It depends, the ones protecting me from stupid workers? I am all for those ones. Or the ones protecting stupid workers from themselves? I am not so supportive of those ones.  



xlink said:


> You could say the same thing about flashing lights at railway crossings.


Yet I can still drive my car into the garage and shut the door. We need an electrical code rule requiring that a door position switch is connected to the garage door that can send a signal to shut down the engine of the car, weed whacker, lawn mower, snow blower, etc. if the door is not open. :jester:


----------



## pistol pete (Jul 4, 2011)

How bout a co2 detector that opens the garage doors when it goes off


----------



## chris.b (Jan 28, 2013)

Jlarson said:


> I think we Americans need a pic of the aforementioned "appliance garage" just for kicks.
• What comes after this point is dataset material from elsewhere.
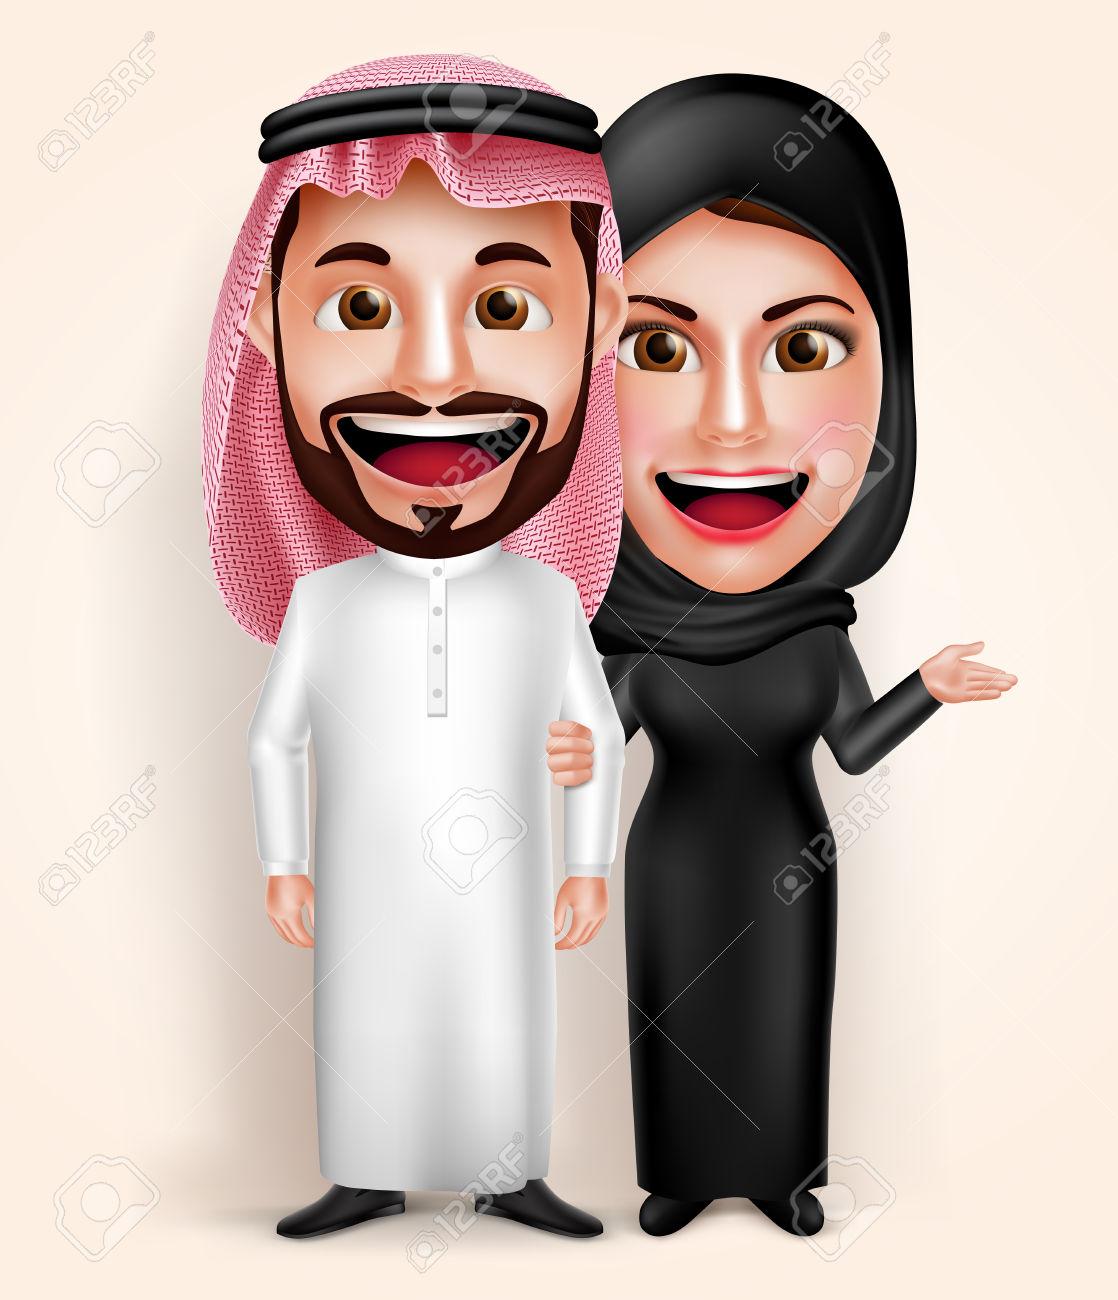 4,617 Arab Man Stock Vector Illustration And Royalty Free Arab Man.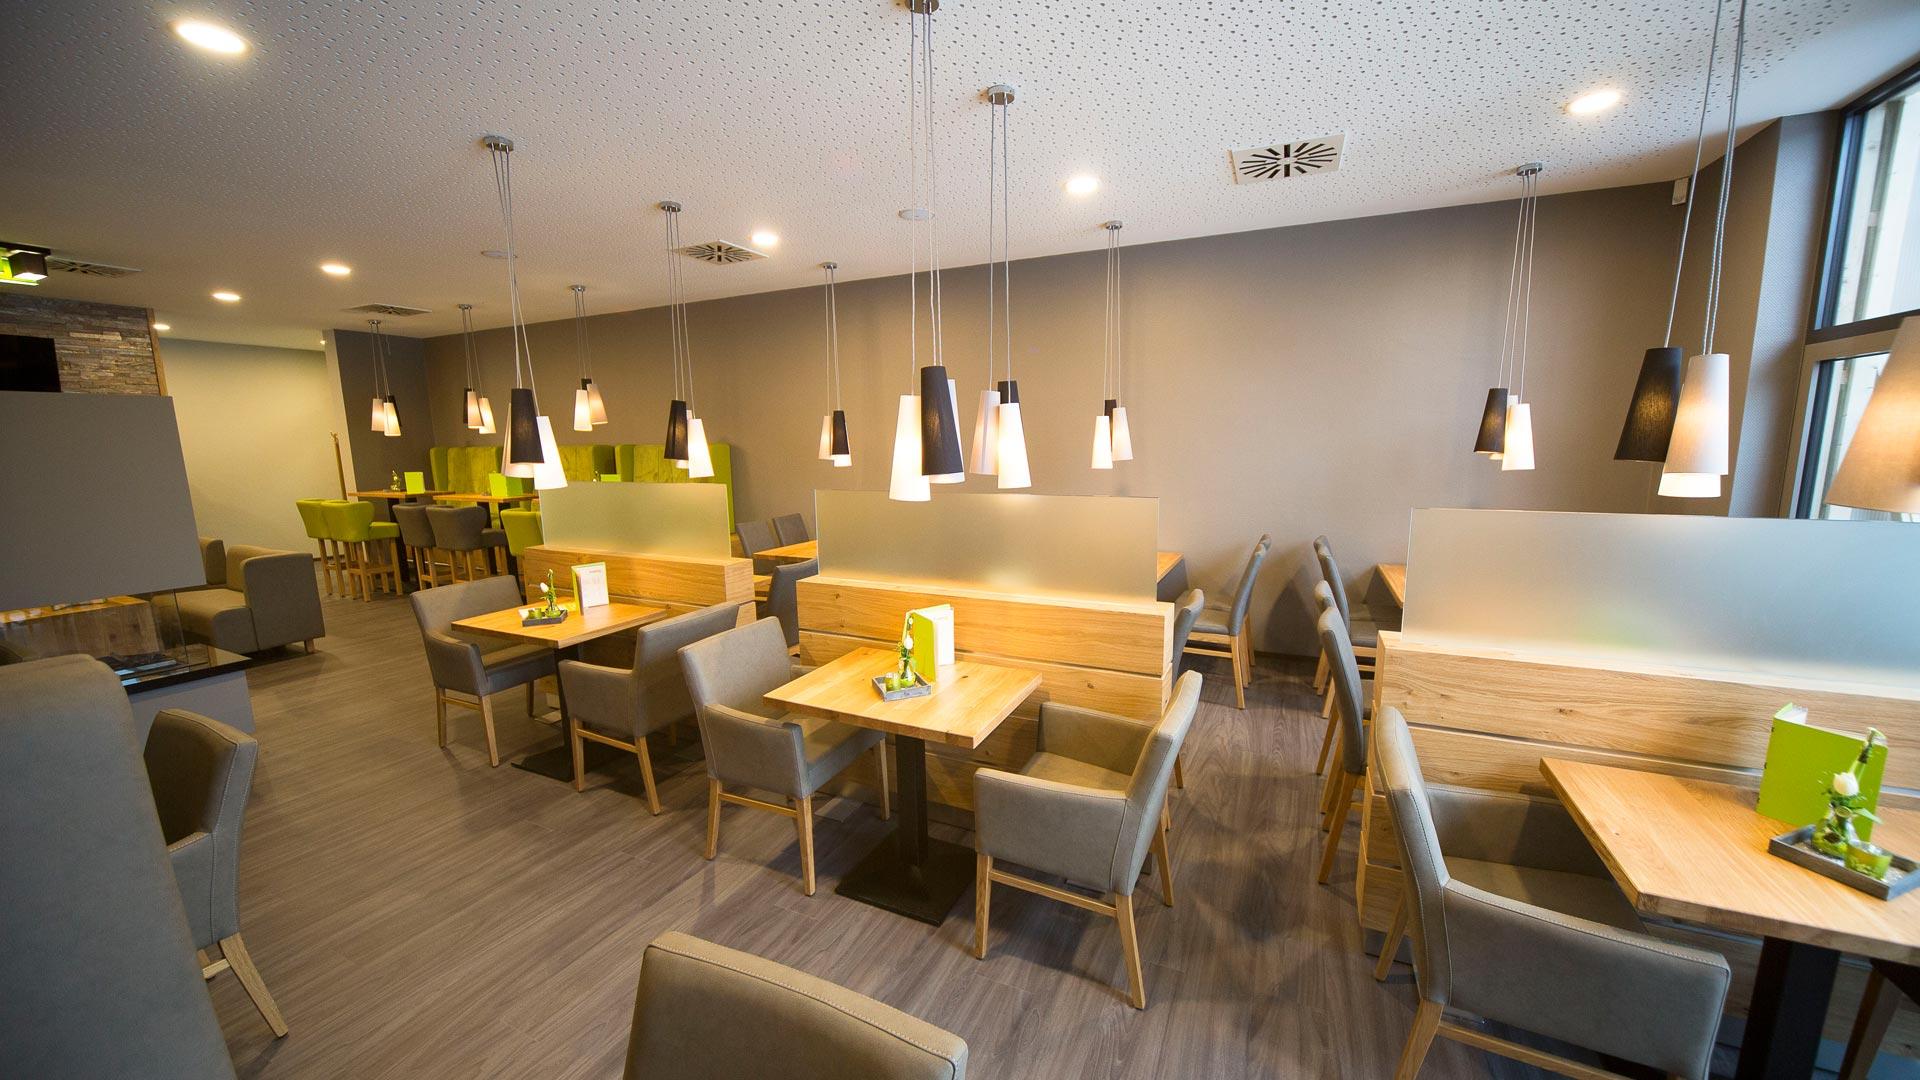 MAASS-Lichtplanung_Lichtplanung für Gastronomiebereich__MAASS-Auszeit-Gastronomie-002

Have you ever seen a bread box on the counter? I would think it looks like that.


----------



## Bugz11B (May 12, 2013)

xlink said:


> There are too many styles. I googled "appliance garage" for images and there are lots to choose from.
> 
> I can't believe you guys leave your appliances laying around all over the place.


We put them where needed for easy of use, most people can make it look very nice as well. I couldnt imagine wasting a whole closet or cabinet on coffee makers ect I have important things to put in cabinets and closets...


----------



## daveEM (Nov 18, 2012)

Mine... I guess you can make your counters look less cluttered. Note the appliances live outside of the garage.










Here she is doing what all garages do... store lots of stuff...










Tassimo is building me a coffee. If you don't have one and like coffee... well it doesn't get any better.


----------



## FastFokker (Sep 18, 2012)

Stupid rule!


----------



## wendon (Sep 27, 2010)

I haven't seen a appliance garage for a long time. It was the thing a number of years ago but I think they might be out of style. Never heard of switching the receptacles!!! What about disposal and dishwasher recepts? Do they have to be powered down when the door is shut??? Must be a Canadian thing eh? Appliance garages take up too much space IMHO.


----------



## FastFokker (Sep 18, 2012)

wendon said:


> What about disposal and dishwasher recepts? Do they have to be powered down when the door is shut??? Must be a Canadian thing eh? Appliance garages take up too much space IMHO.


Canadians like big wide open kitchens, much like our country. But we also want vast and barren counter tops, also much like our country. 



> 26-710
> (h) a receptacle shall not be placed in a cupboard, cabinet, or similar enclosure, except where the receptacle is
> (i) an integral part of a factory-built enclosure;
> (ii) provided for use with a specific type of appliance that is suitable for installation within the enclosure;
> ...


Nope and nope!


----------



## Jlarson (Jun 28, 2009)

Well that escalated quickly. :laughing:


----------



## wcord (Jan 23, 2011)

I just don't put any receptacles in them. Tell the customer no. 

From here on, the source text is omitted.